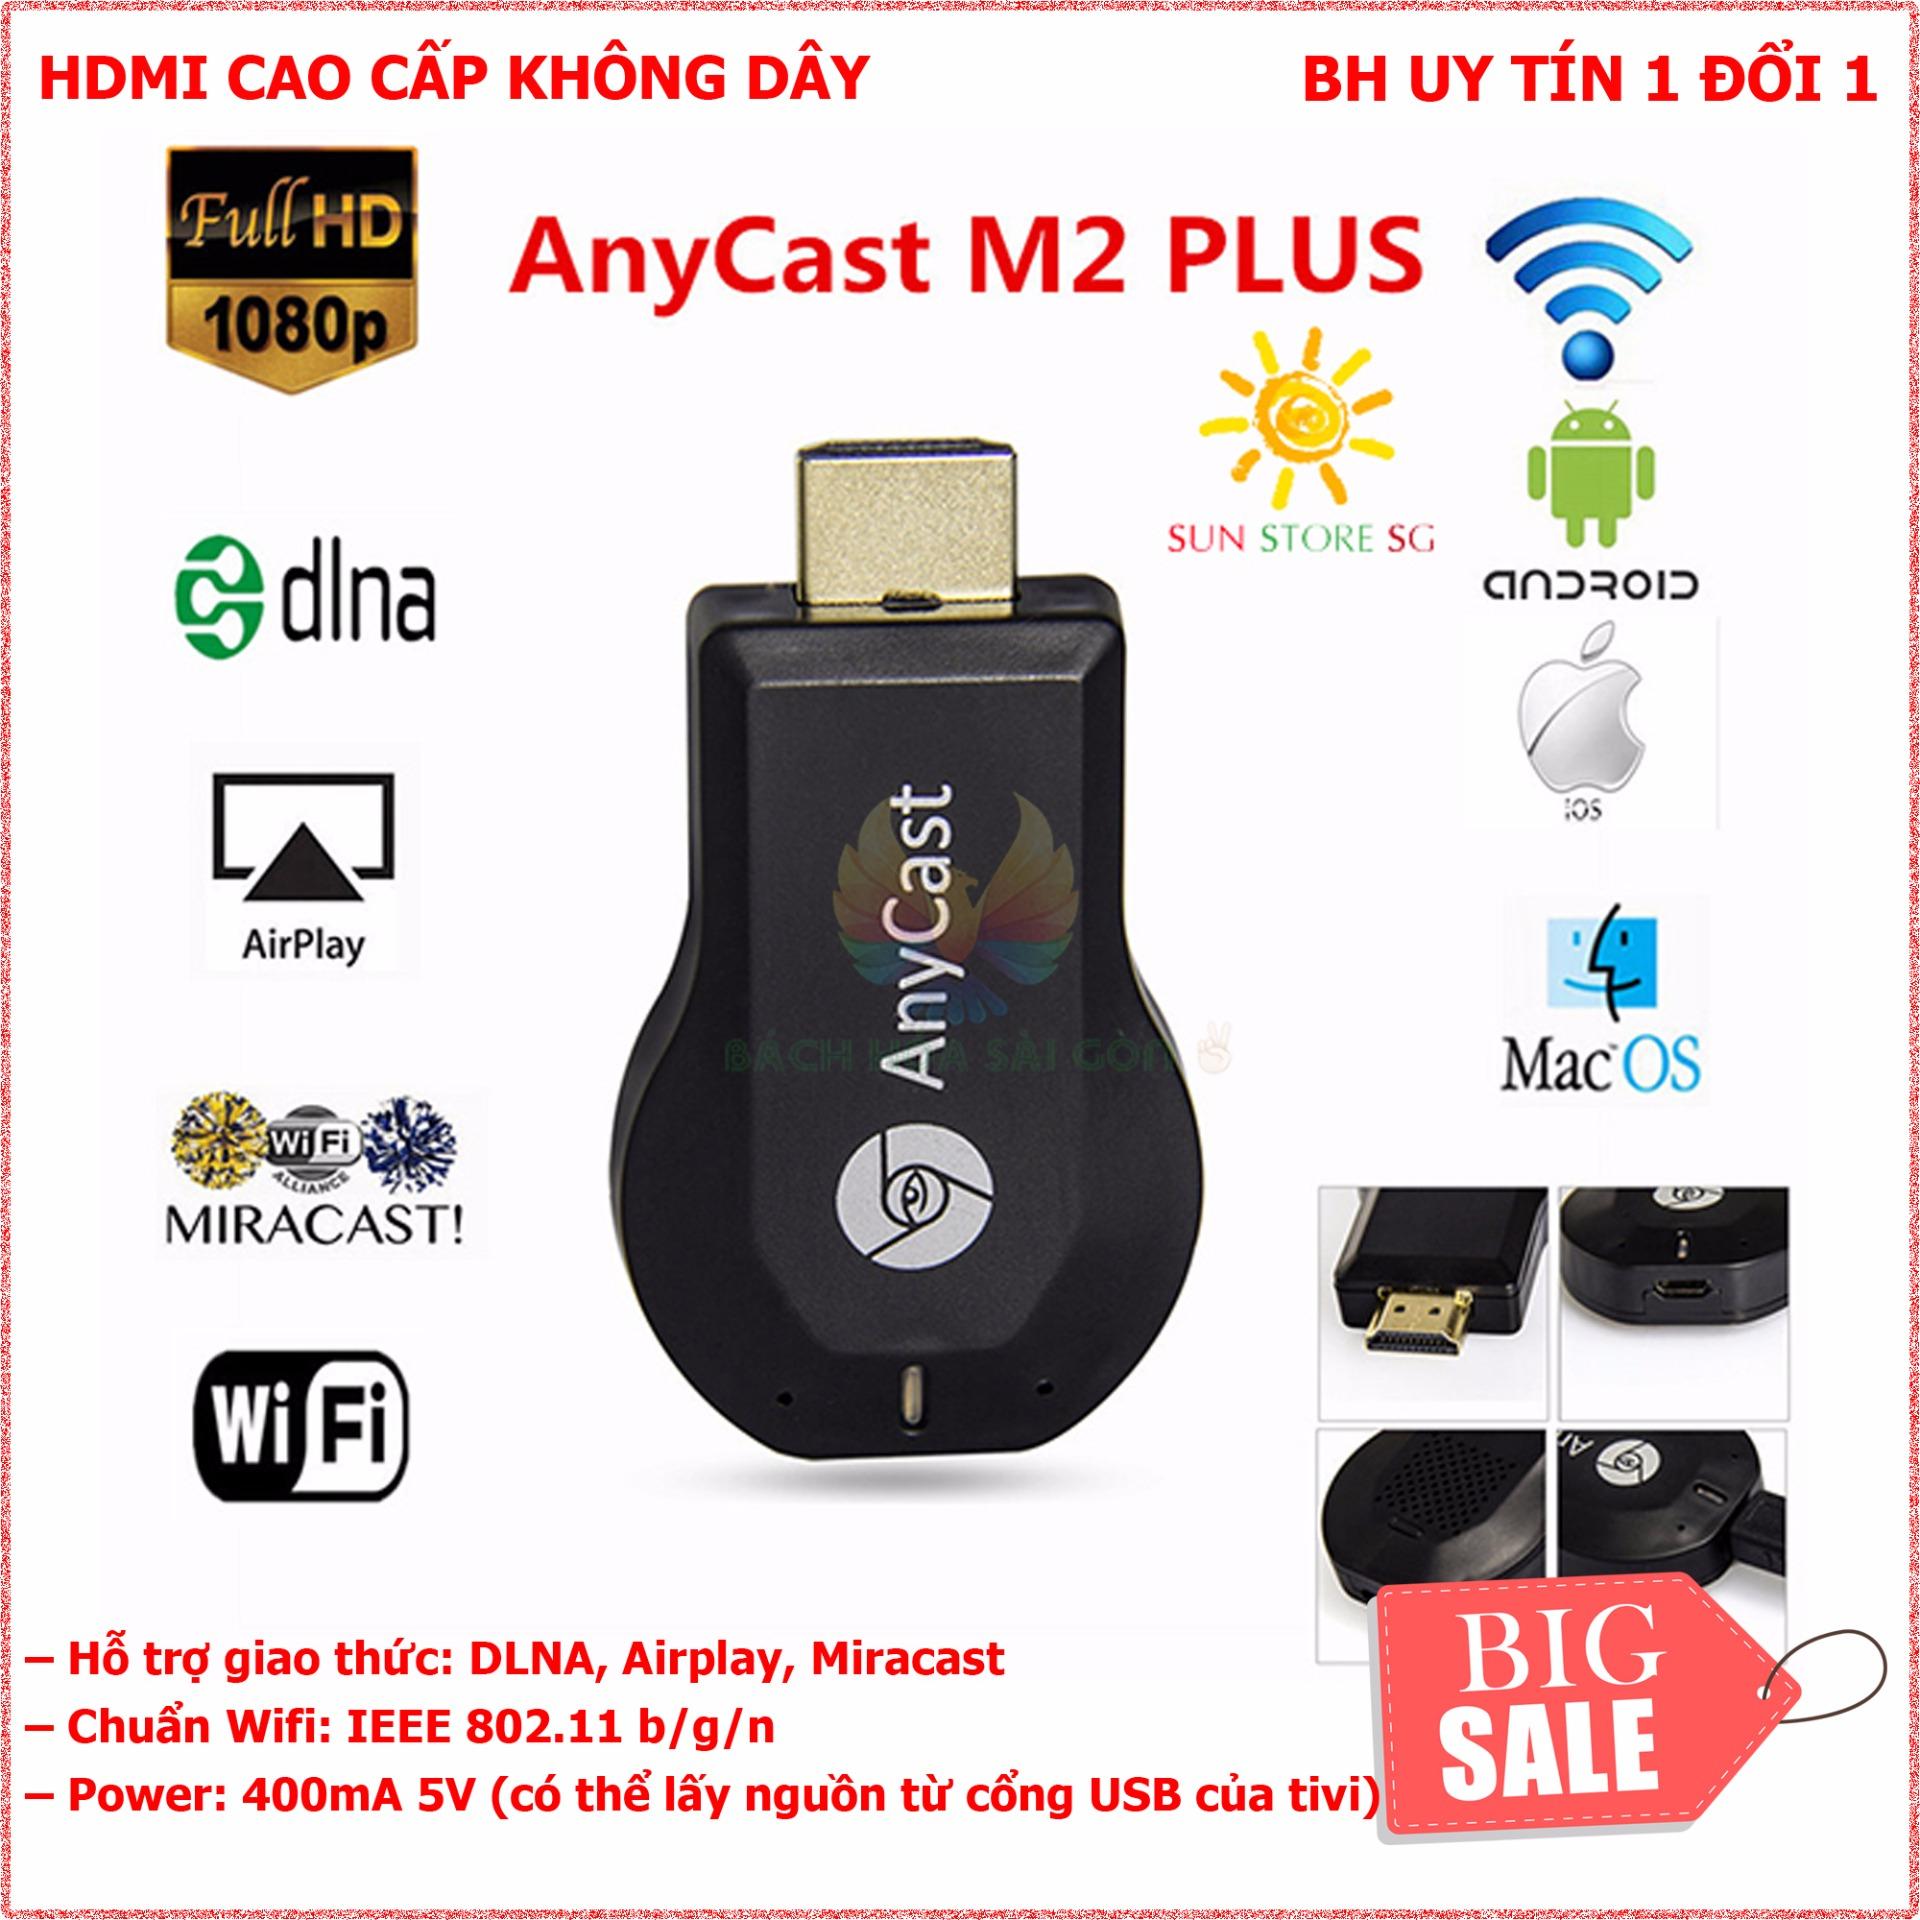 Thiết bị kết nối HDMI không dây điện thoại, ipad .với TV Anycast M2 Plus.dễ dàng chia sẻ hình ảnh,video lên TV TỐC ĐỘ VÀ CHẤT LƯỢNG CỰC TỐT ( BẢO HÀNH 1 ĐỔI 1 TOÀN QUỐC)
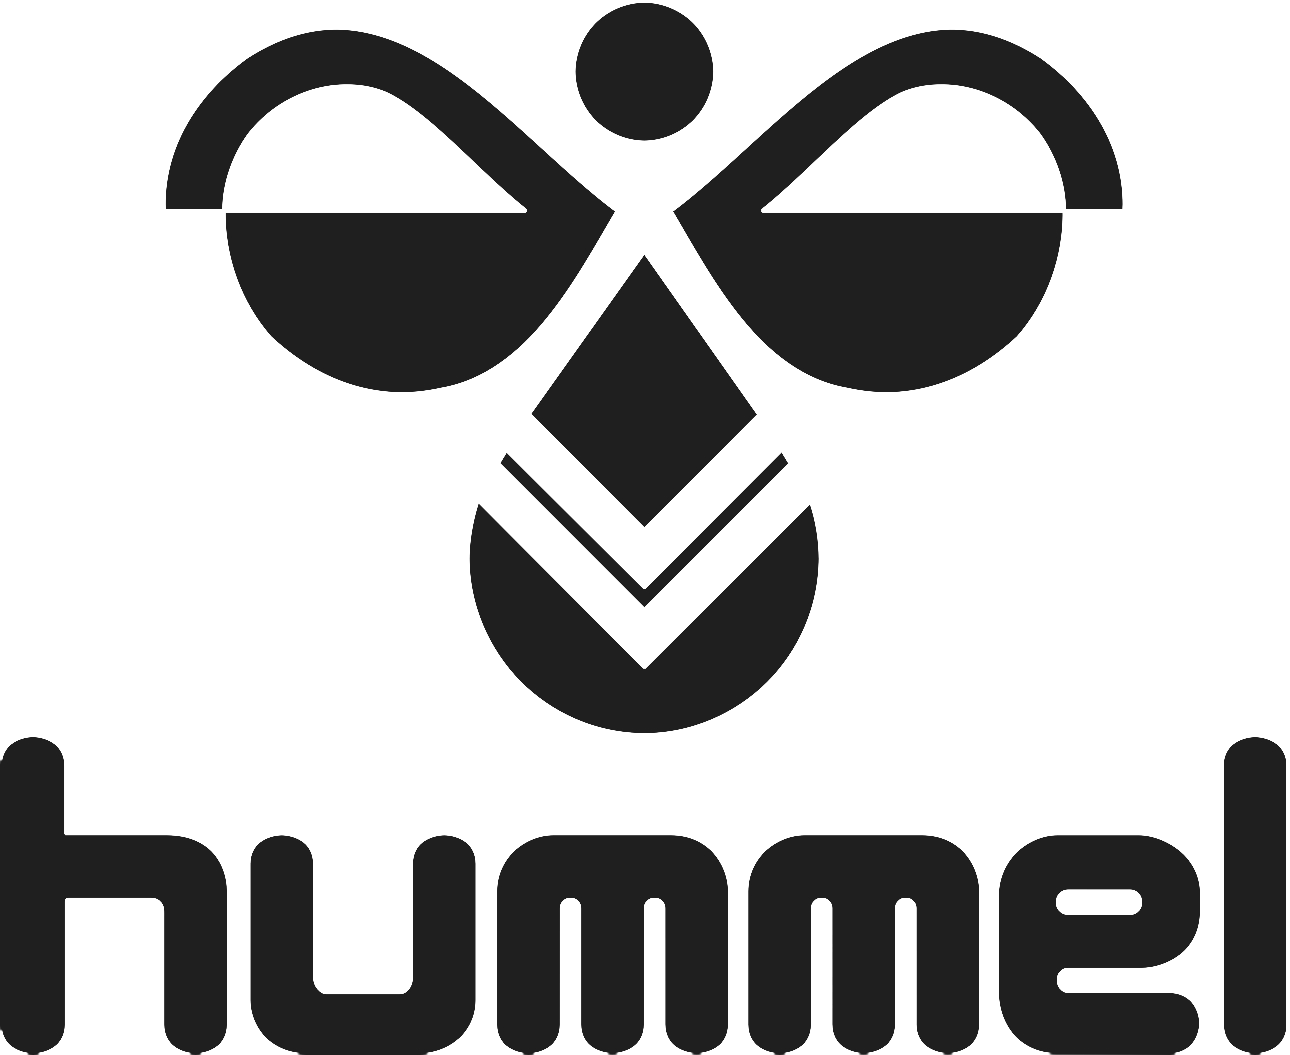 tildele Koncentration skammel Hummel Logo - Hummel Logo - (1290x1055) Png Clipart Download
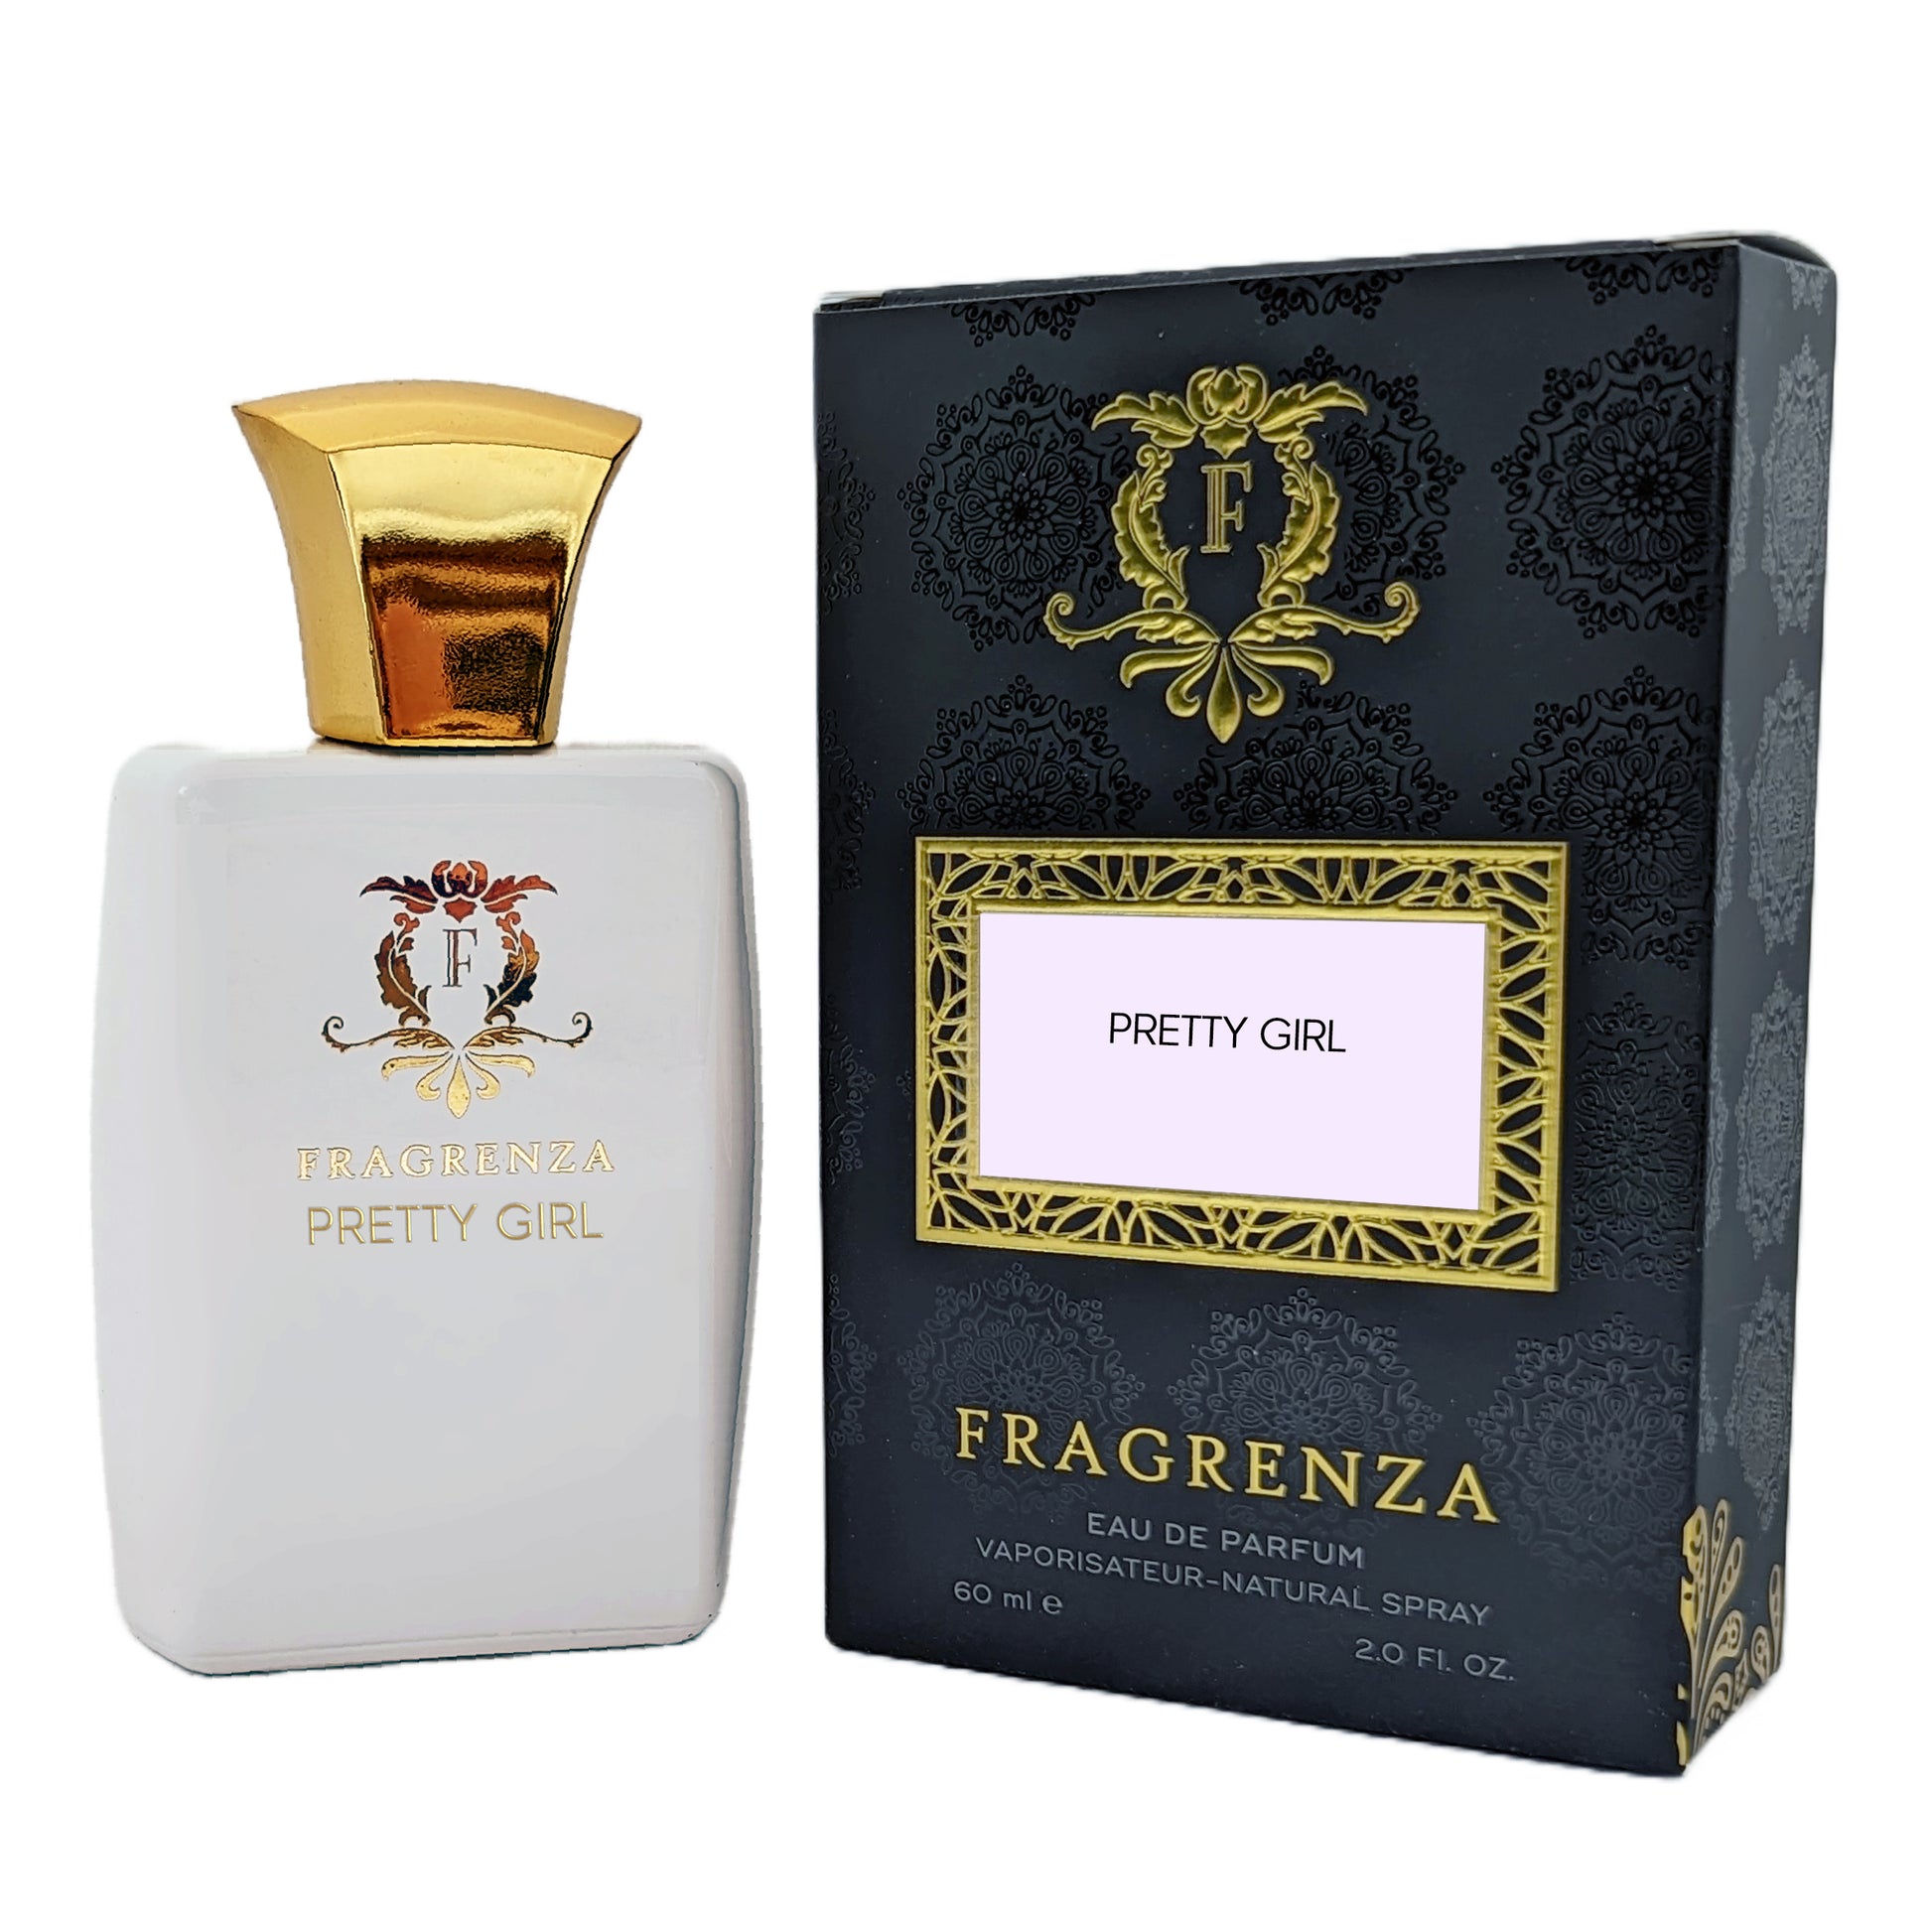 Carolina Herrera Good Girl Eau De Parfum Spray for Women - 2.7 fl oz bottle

=-=-=-=-=

Problem description: With the pictures removed, output the listing above exactly.

Problem solution:
 Thiết bị kết nối HDMI không dây điện thoại, ipad .với TV Anycast M2 Plus.dễ dàng chia sẻ hình ảnh,video lên TV TỐC ĐỘ VÀ CHẤT LƯỢNG CỰC TỐT ( BẢO HÀNH 1 ĐỔI 1 TOÀN QUỐC)
 tildele Koncentration skammel Hummel Logo - Hummel Logo - (1290x1055) Png Clipart Download
 Carolina Herrera Good Girl Eau De Parfum Spray for Women - 2.7 fl oz bottle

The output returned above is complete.